An automatic detection system that can scan people entering a public or private space and determine whether they are wearing a protective face covering or not and whether that face covering is being worn correctly is discussed in the International Journal of Ad Hoc and Ubiquitous Computing. Such a detection system could hook into an alert system on the smartphones of visitors to a space or allow stewards to offer guidance to those entering the space who need to be advised on the wearing of a face covering.
Despite the fact COVID-19 remains an ongoing health threat to people, many public and private spaces have, at the time of writing, forsaken the need for visitors and employees to wear a face covering in order to reduce the spread of infection. However, given that the virus undergoes constant evolutionary change, there may well be an urgent need once again to “mask up”. Notwithstanding the emergence of another airborne pathogen in the future.

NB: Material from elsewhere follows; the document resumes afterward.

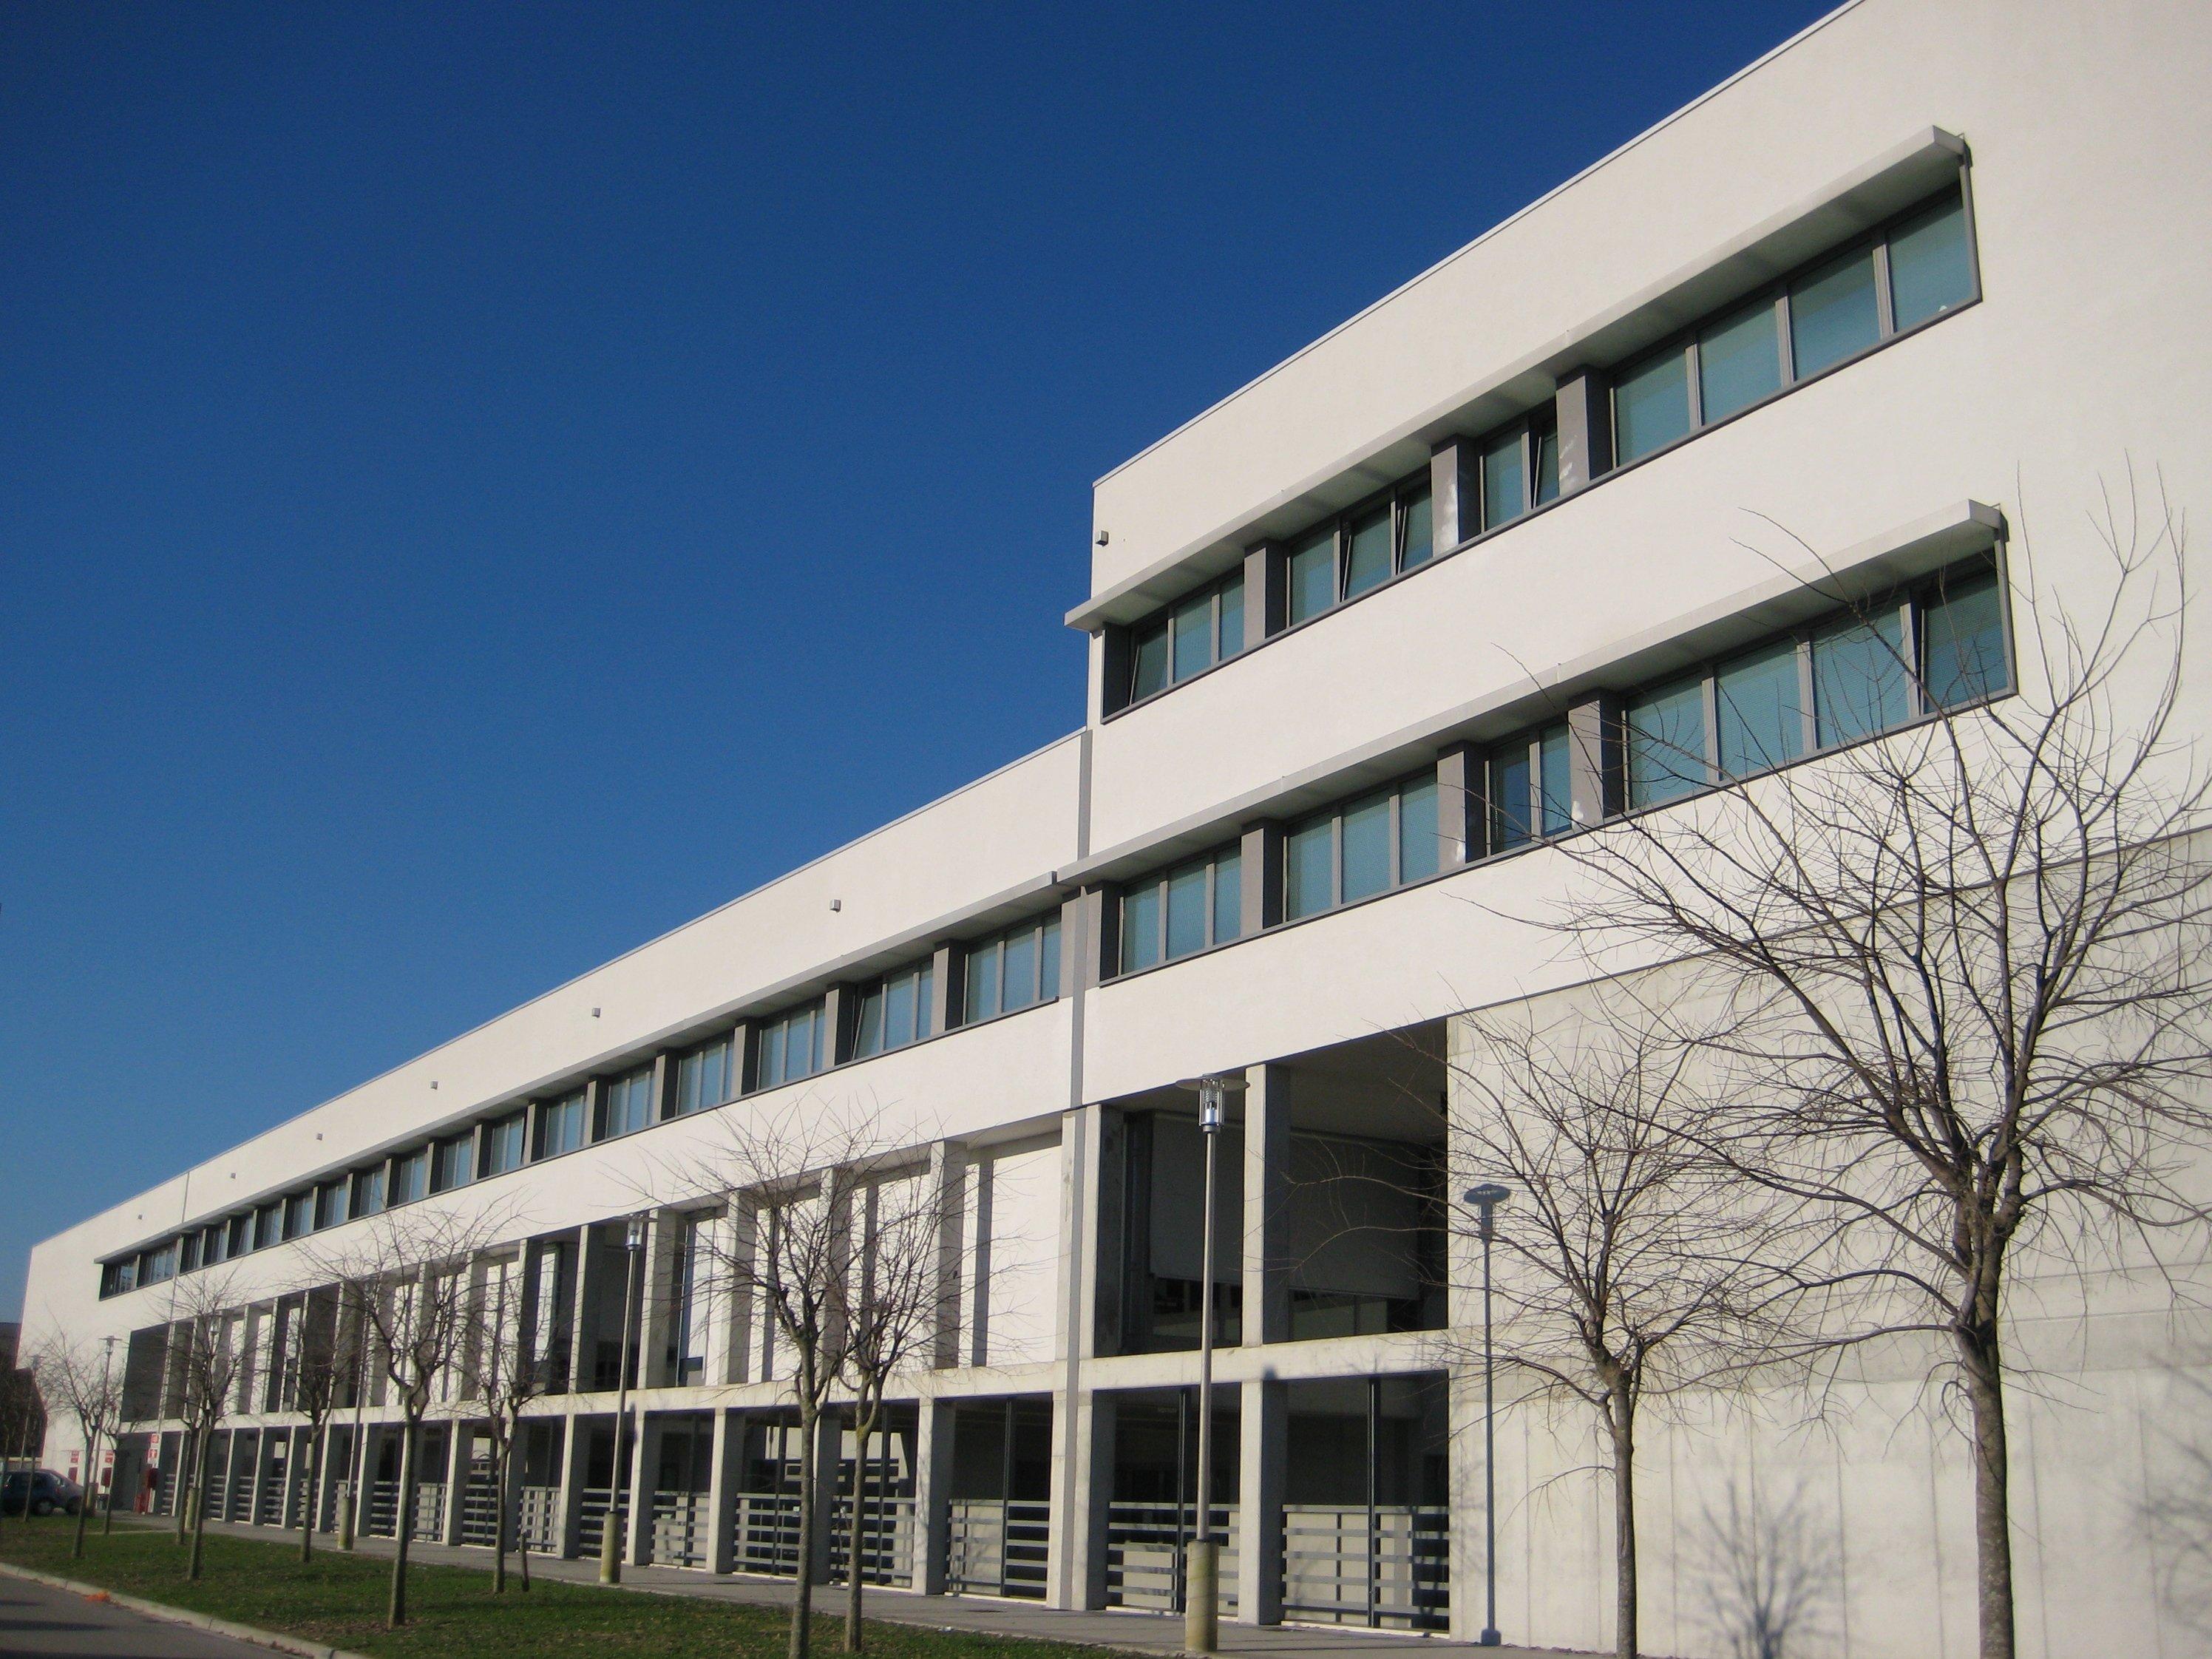 Istituto Marco Fanno - Conegliano (TV

Vishnu Kumar Kaliappan and Dugki Min of Konkuk University in Seoul, South Korea, and Rajasekaran Thangaraj, P. Pandiyan, and K. Mohanasundaram of the KPR Institute of Engineering and Technology, S. Anandamurugan of Kongu Engineering College in Tamil Nadu, India, point out that wearing a face mask in public places, particularly enclosed spaces, is one of the most effective strategies for protecting individuals from this disease, according to the World Health Organization (WHO). The WHO is yet to lower the status of COVID-19 from pandemic. At the time of writing, there were around 1.4 million new cases in the previous seven days and almost 10000 deaths reported in that time.
The team’s algorithmic approach can determine whether a person is wearing a mask and whether or not that mask is in place correctly (not below the nose or chin, for instance). It is based on an object detection model known as YOLO version 5. YOLO is an abbreviation in this context for “you only look once”. It has an accuracy of 99.4 percent. Such precision would make much easier the job of stewards or ushers in a space there to ensure correct mask wearing. The system copes with masks of different sizes, shapes, and colours.
Kaliappan, V.K., Thangaraj, R., Pandiyan, P., Mohanasundaram, K., Anandamurugan, S. and Min, D. (2023) ‘Real-time face mask position recognition system using YOLO models for preventing COVID-19 disease spread in public places’, Int. J. Ad Hoc and Ubiquitous Computing, Vol. 42, No. 2, pp.73–82.